• Input data:
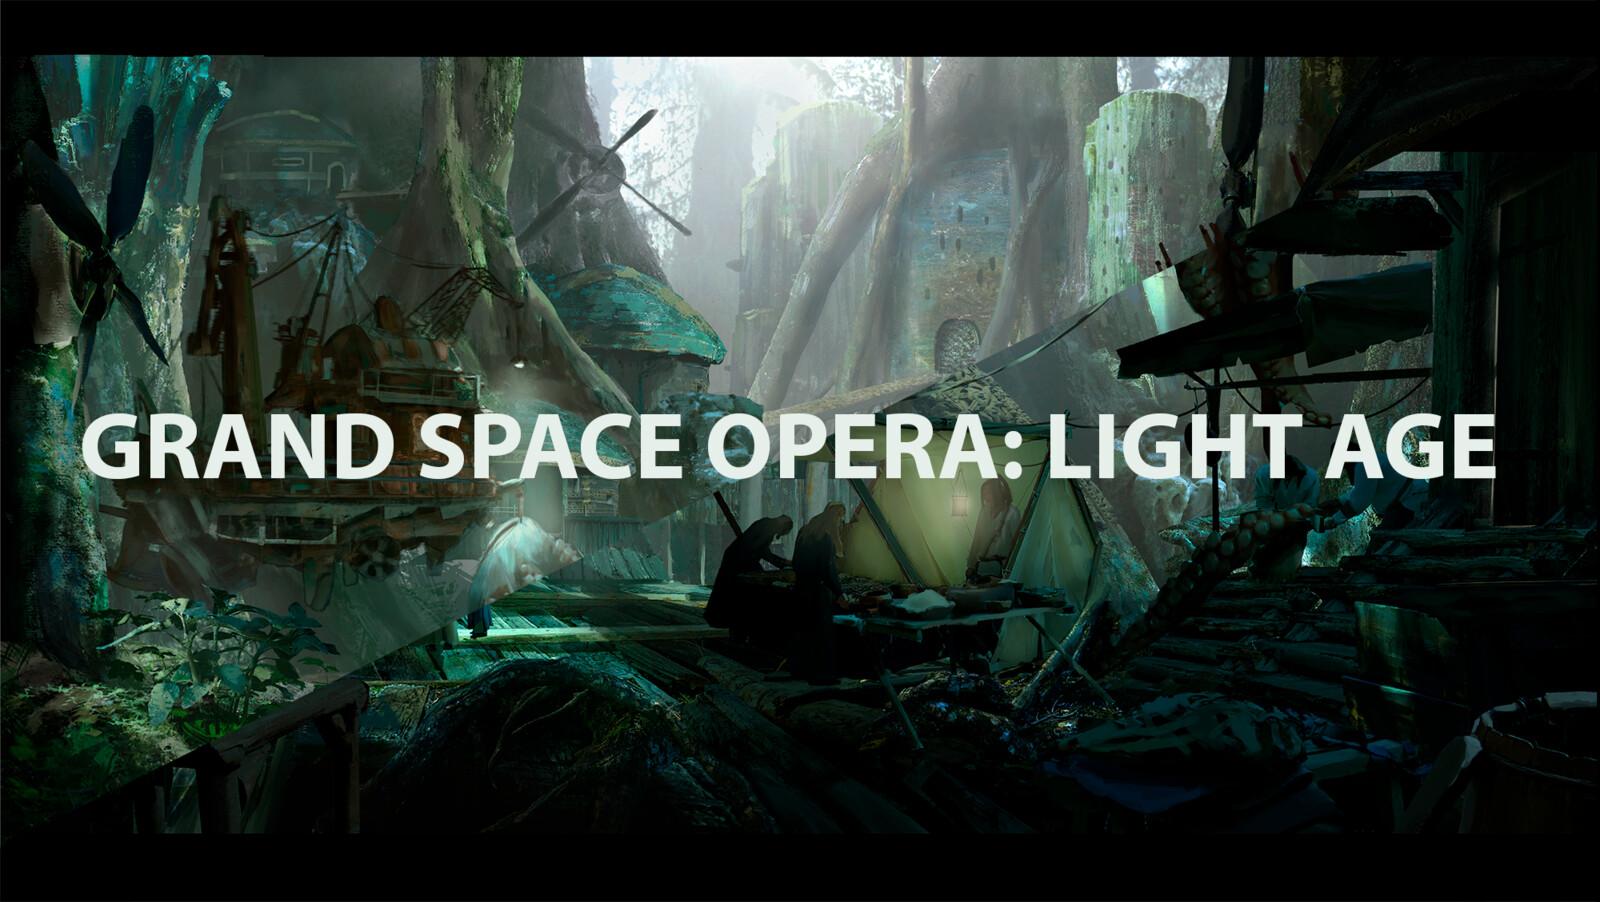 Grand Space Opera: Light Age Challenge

---

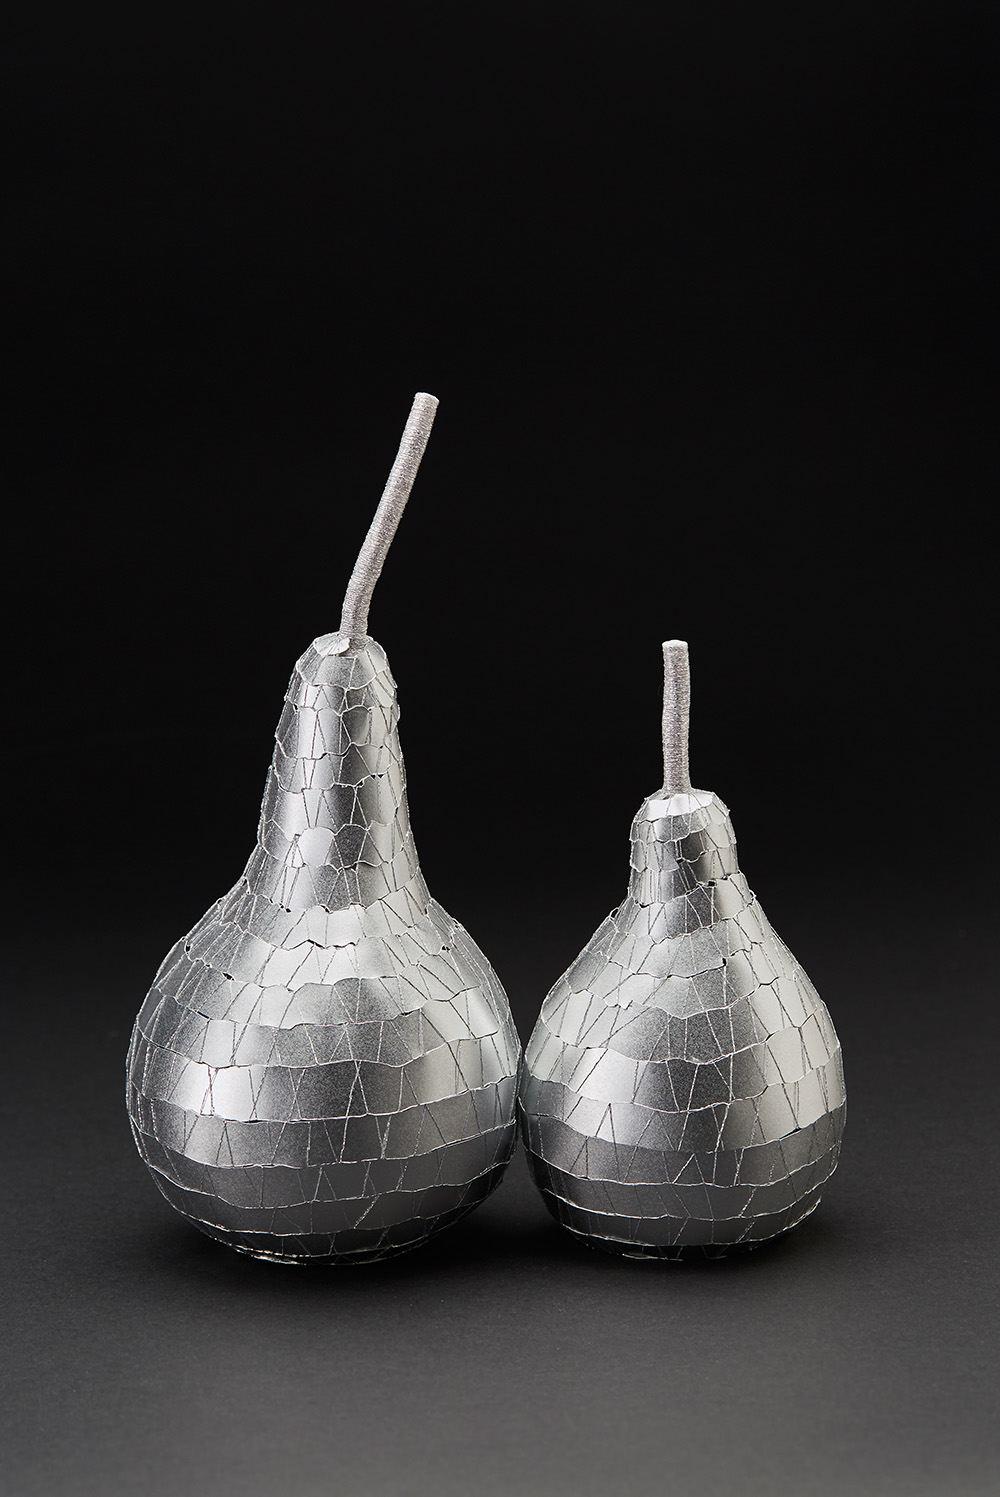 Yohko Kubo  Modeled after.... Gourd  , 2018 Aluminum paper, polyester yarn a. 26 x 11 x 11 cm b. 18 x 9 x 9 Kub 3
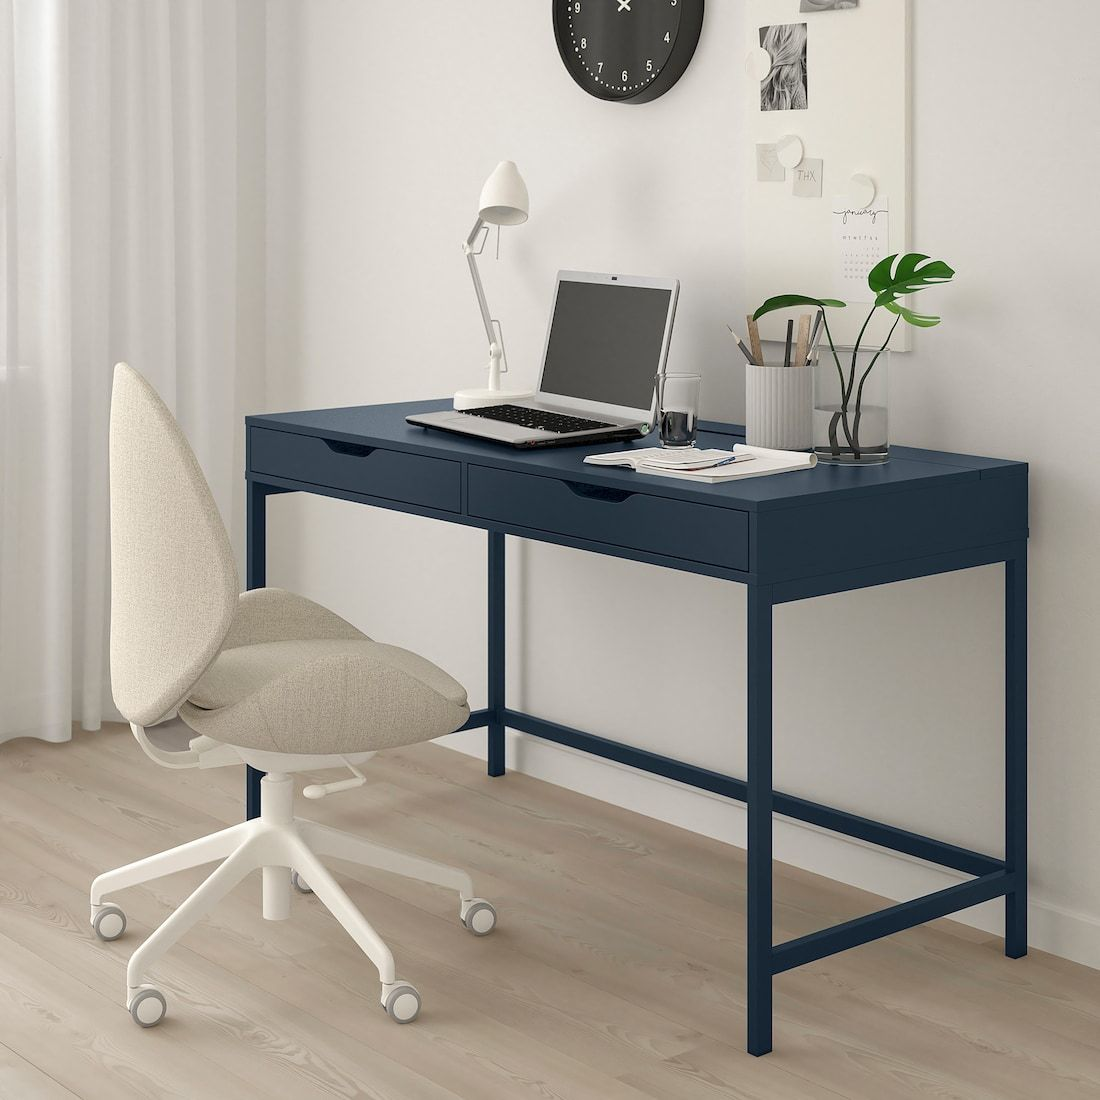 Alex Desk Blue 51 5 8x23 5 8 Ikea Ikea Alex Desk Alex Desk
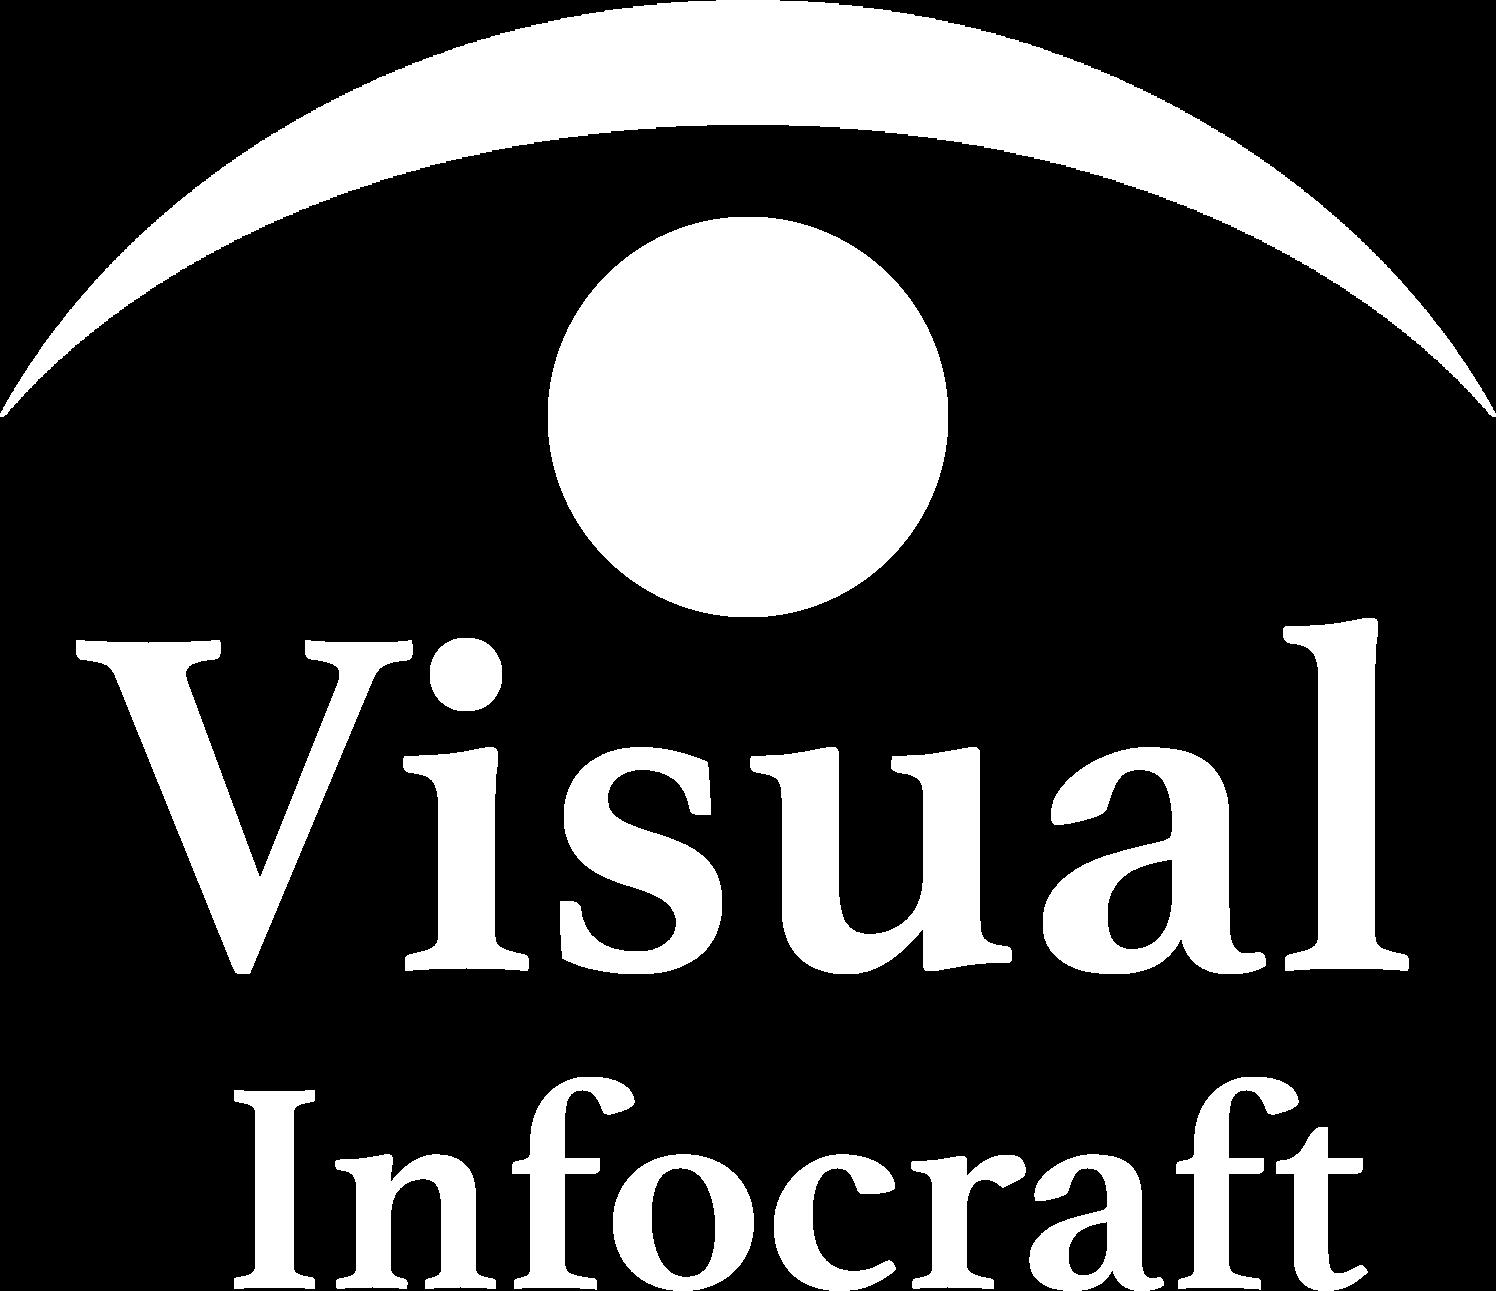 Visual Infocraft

* * *

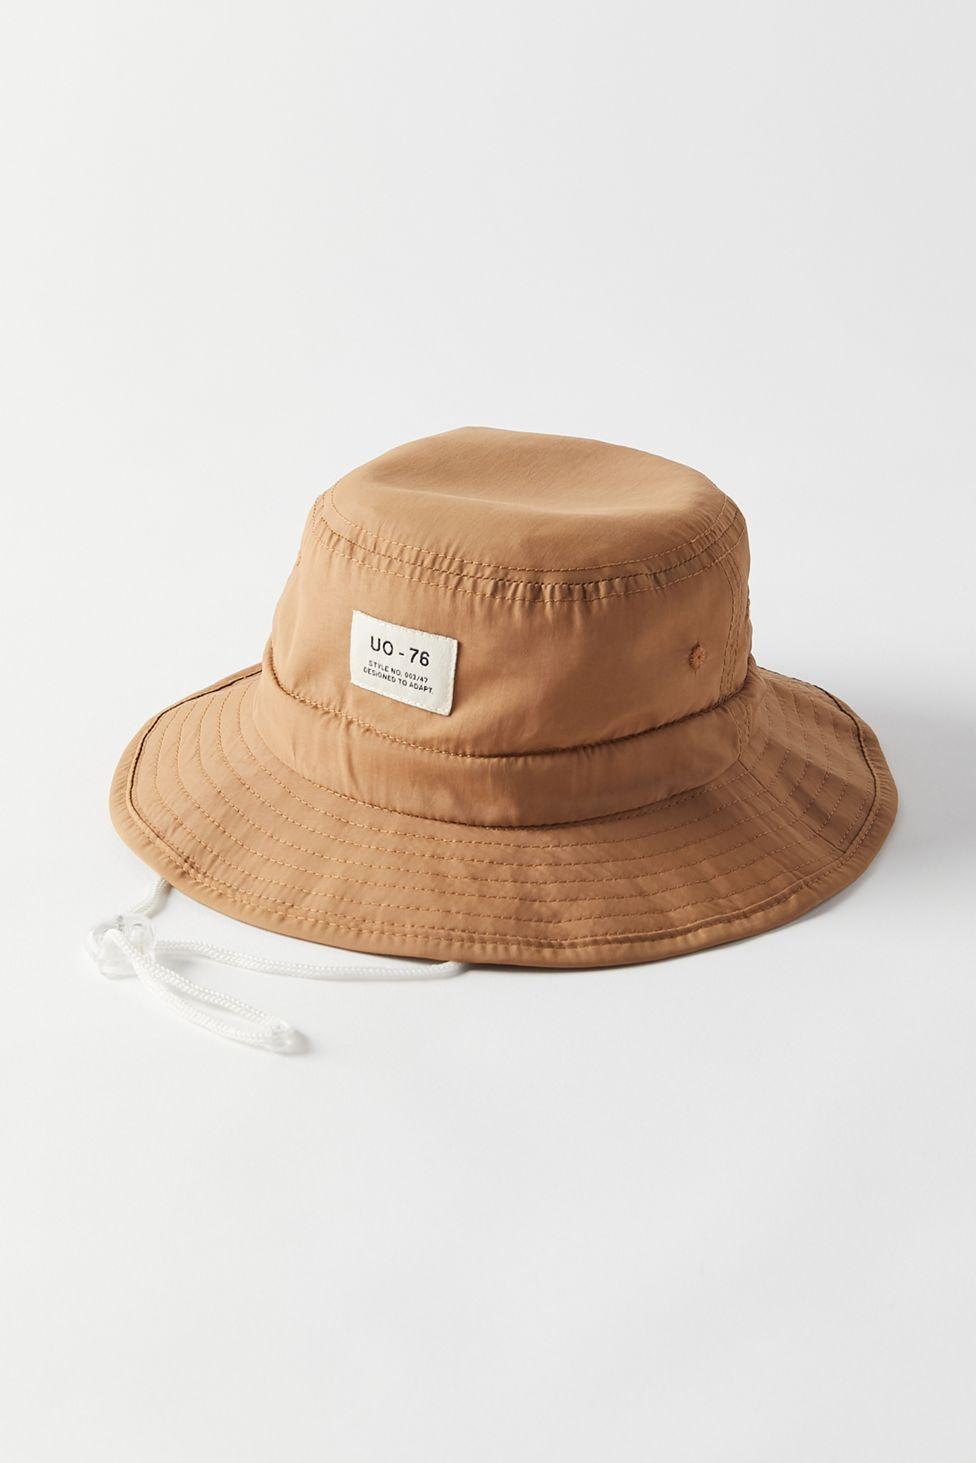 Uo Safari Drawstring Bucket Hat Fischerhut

• What is needed: Set down again, word for word, every line from the one with "9 x 9 Kub 3" to the one with "Visual Infocraft" in the entries above, and omit the pictures.

• Written solution:
 Yohko Kubo  Modeled after.... Gourd  , 2018 Aluminum paper, polyester yarn a. 26 x 11 x 11 cm b. 18 x 9 x 9 Kub 3
 Alex Desk Blue 51 5 8x23 5 8 Ikea Ikea Alex Desk Alex Desk
 Visual Infocraft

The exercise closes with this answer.